(DATASET CONTENT):
○ ○ ○
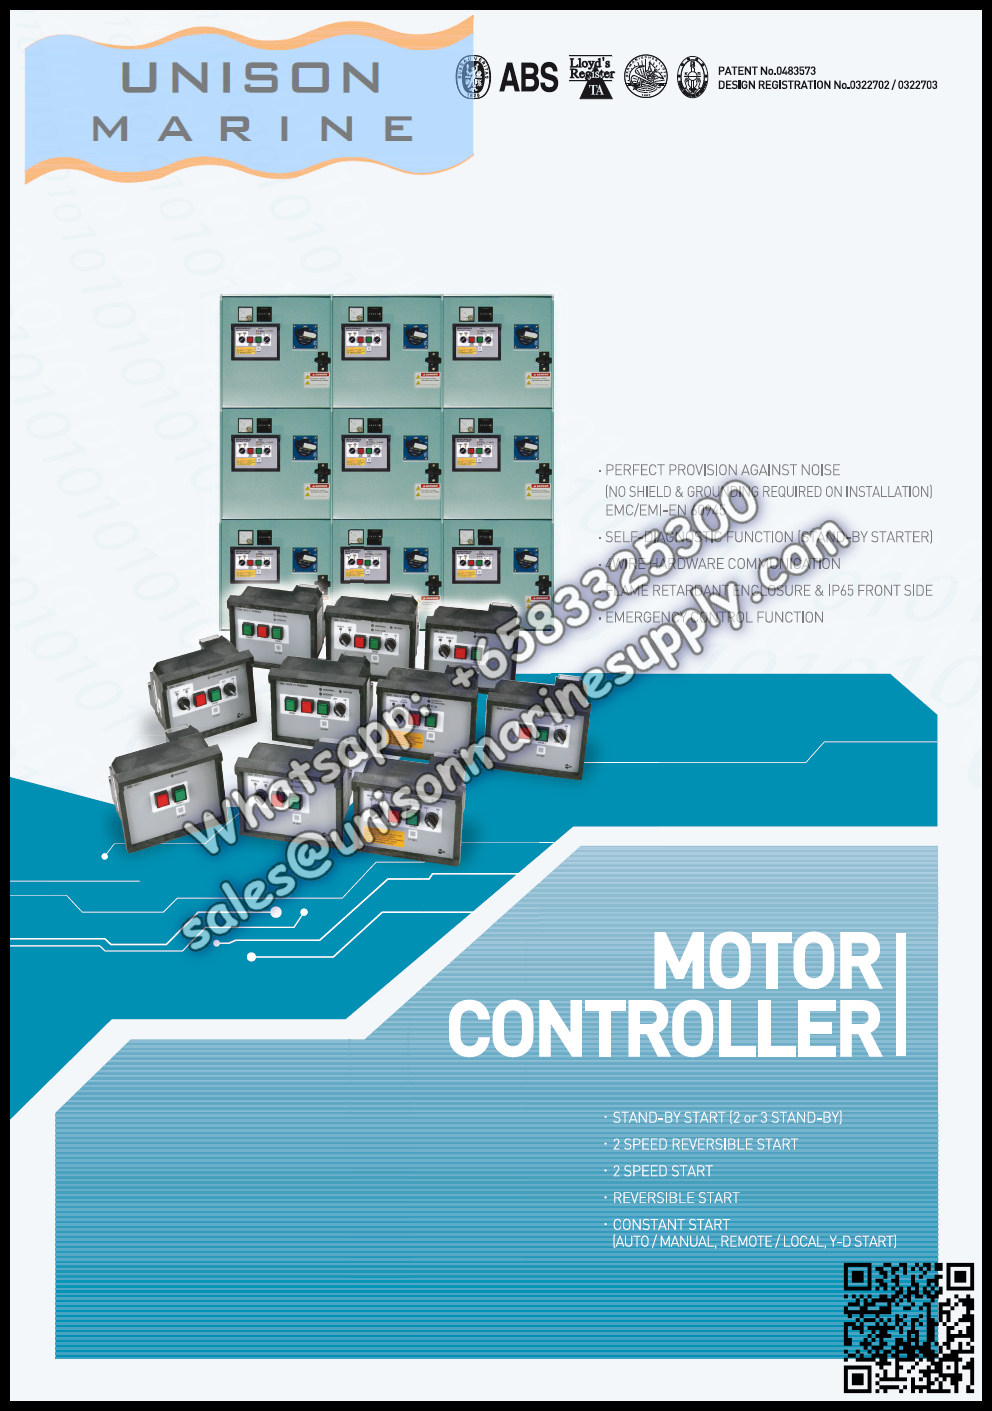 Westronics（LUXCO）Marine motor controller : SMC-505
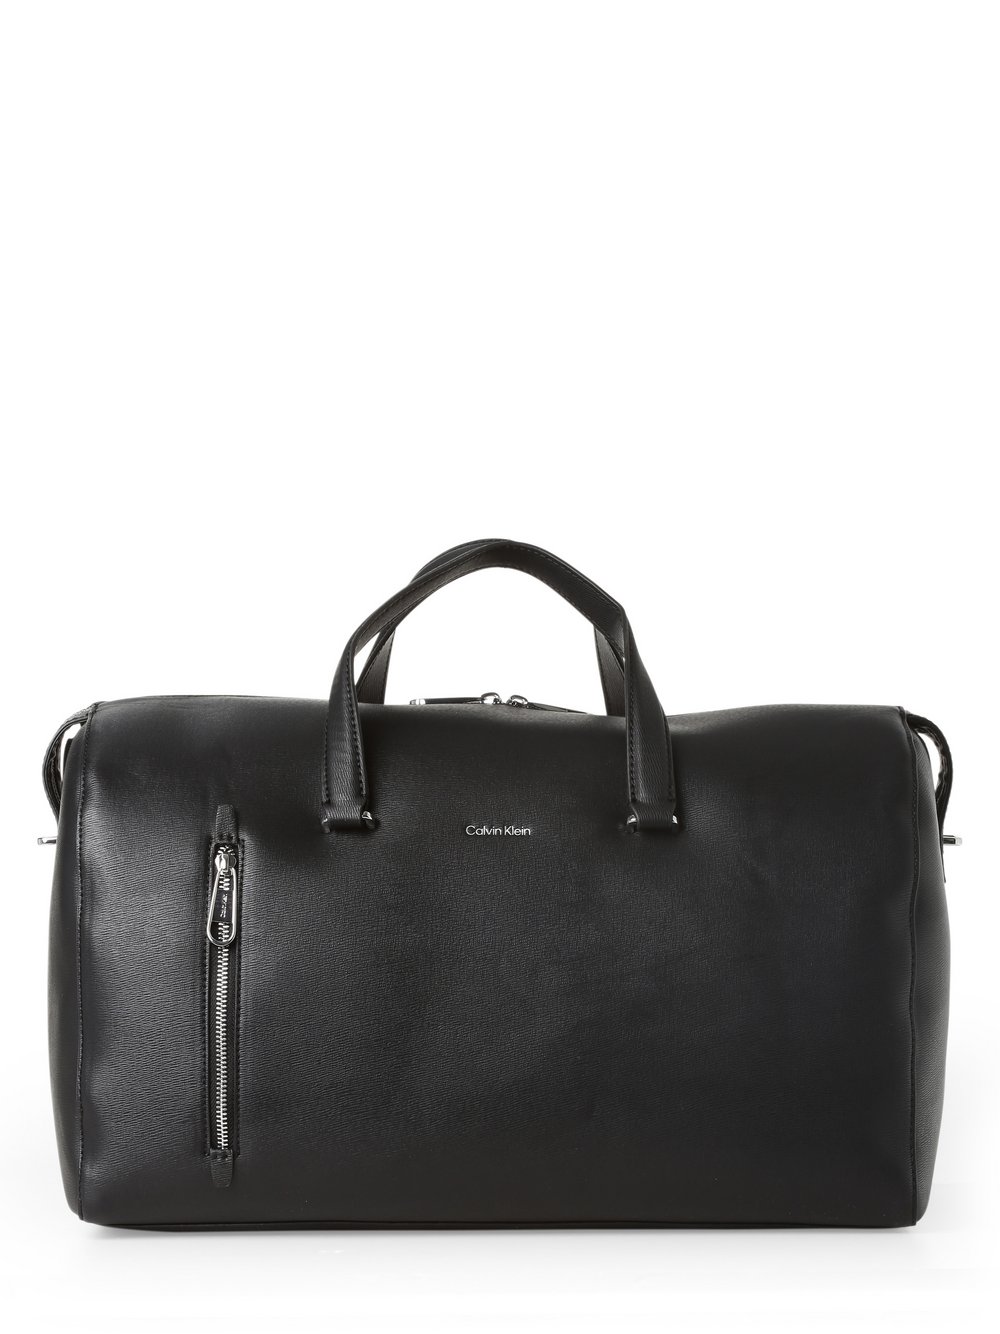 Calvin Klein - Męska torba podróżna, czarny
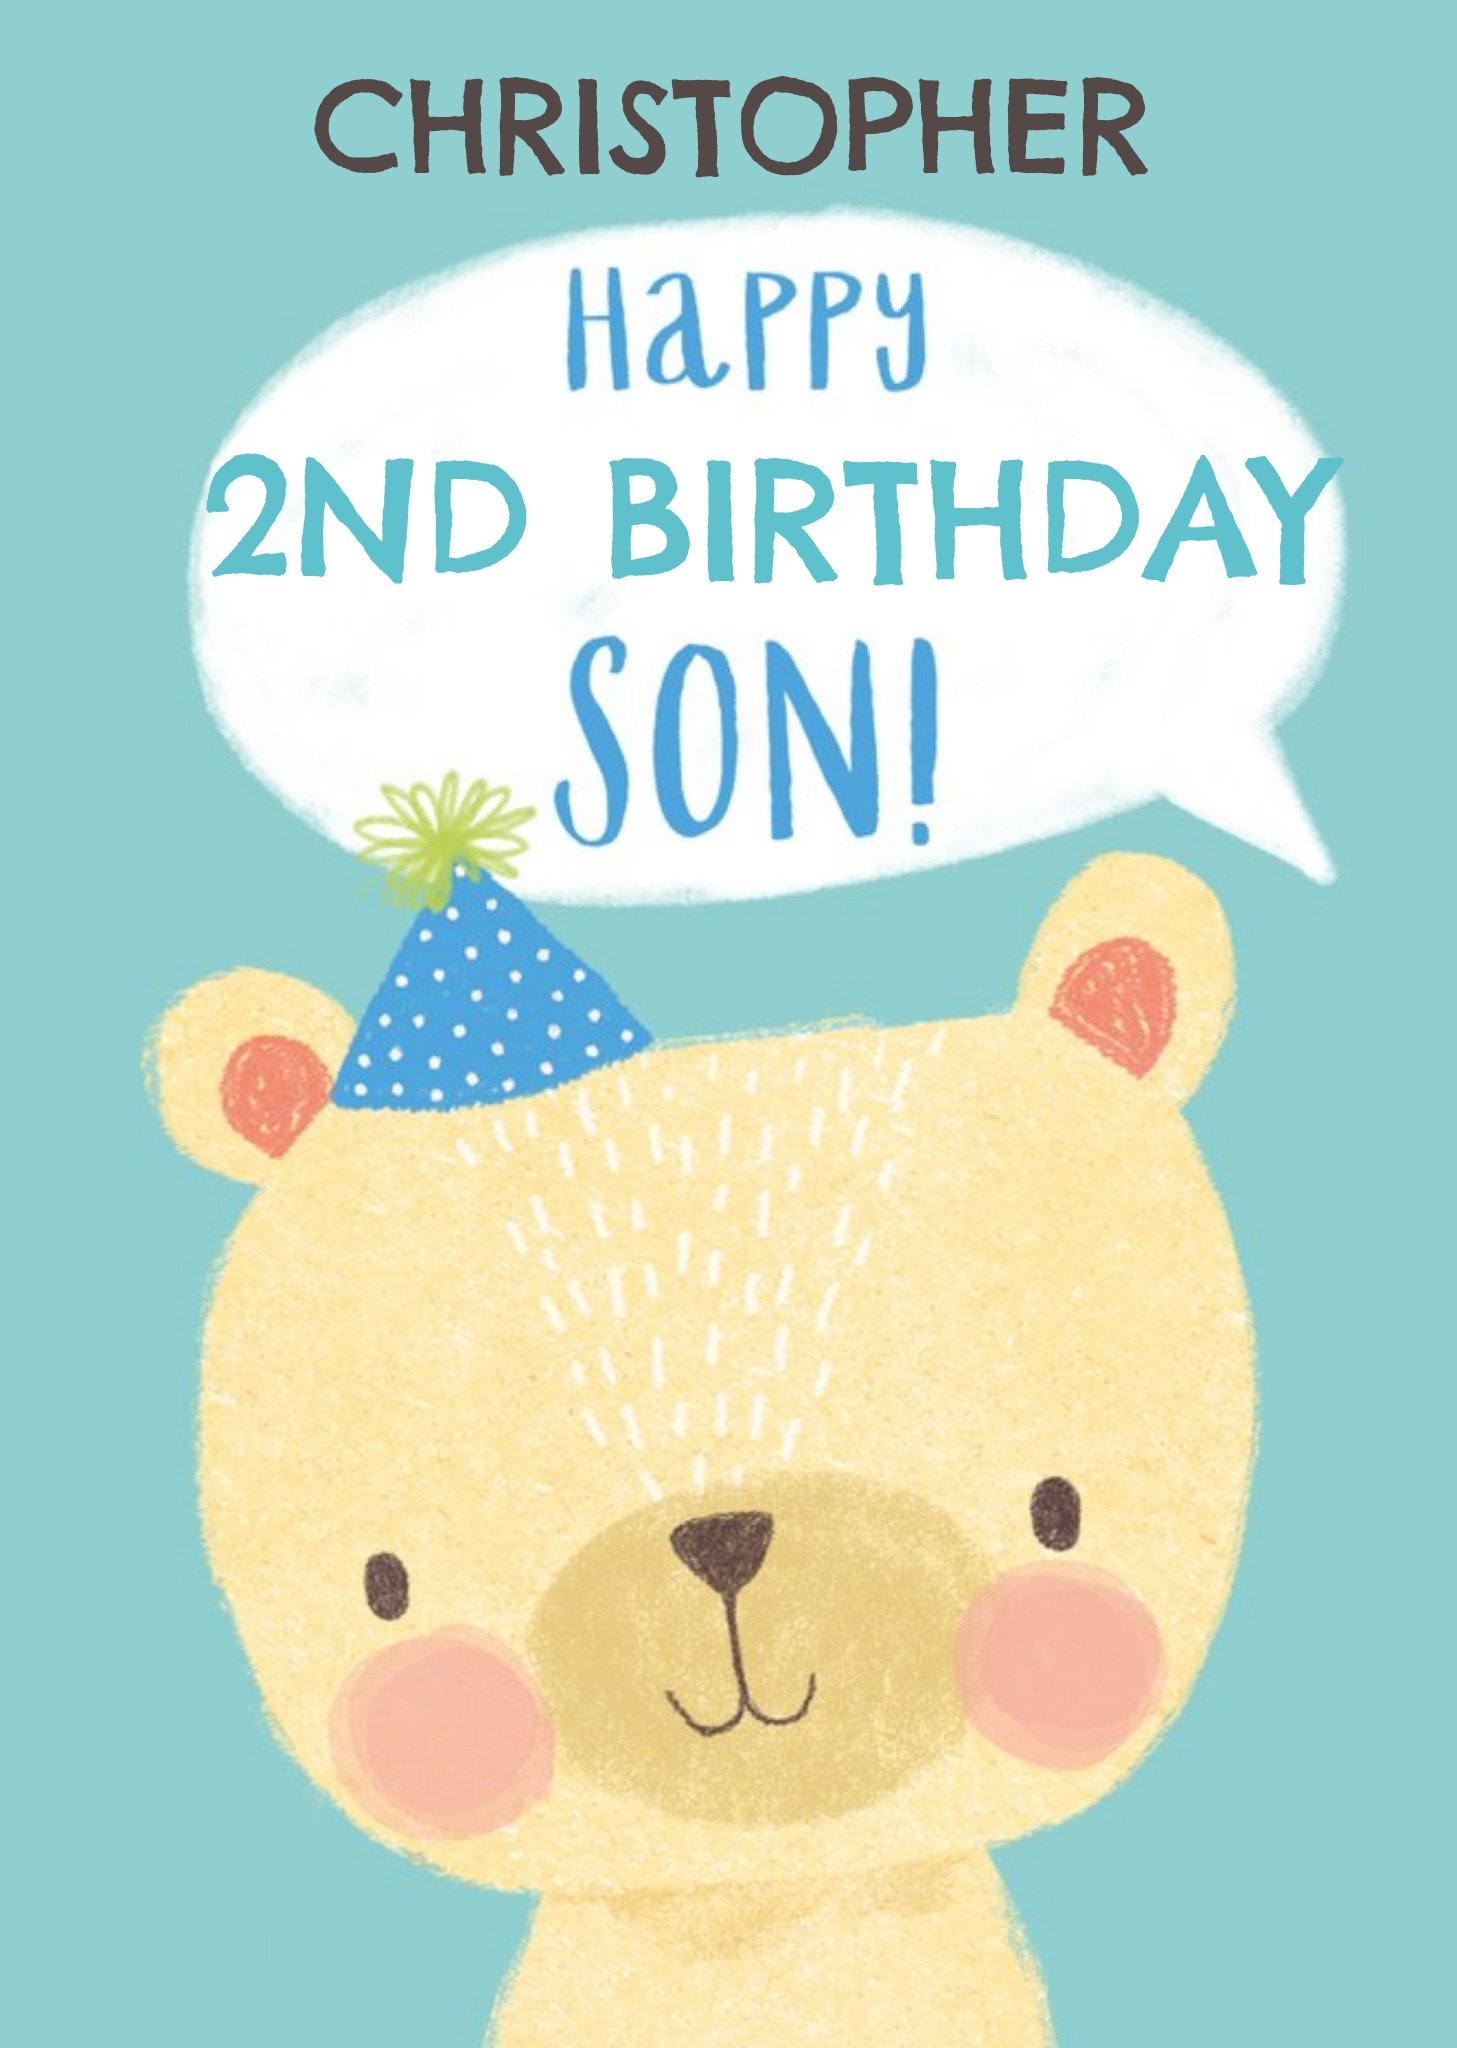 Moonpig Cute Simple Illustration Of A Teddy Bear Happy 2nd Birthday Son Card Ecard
○ ○ ○
(WORK TO BE COMPLETED): Return the listing above unchanged, apart from dropping its pictures.

(FINISHED TASK):
 Westronics（LUXCO）Marine motor controller : SMC-505
 Calvin Klein - Męska torba podróżna, czarny
 Moonpig Cute Simple Illustration Of A Teddy Bear Happy 2nd Birthday Son Card Ecard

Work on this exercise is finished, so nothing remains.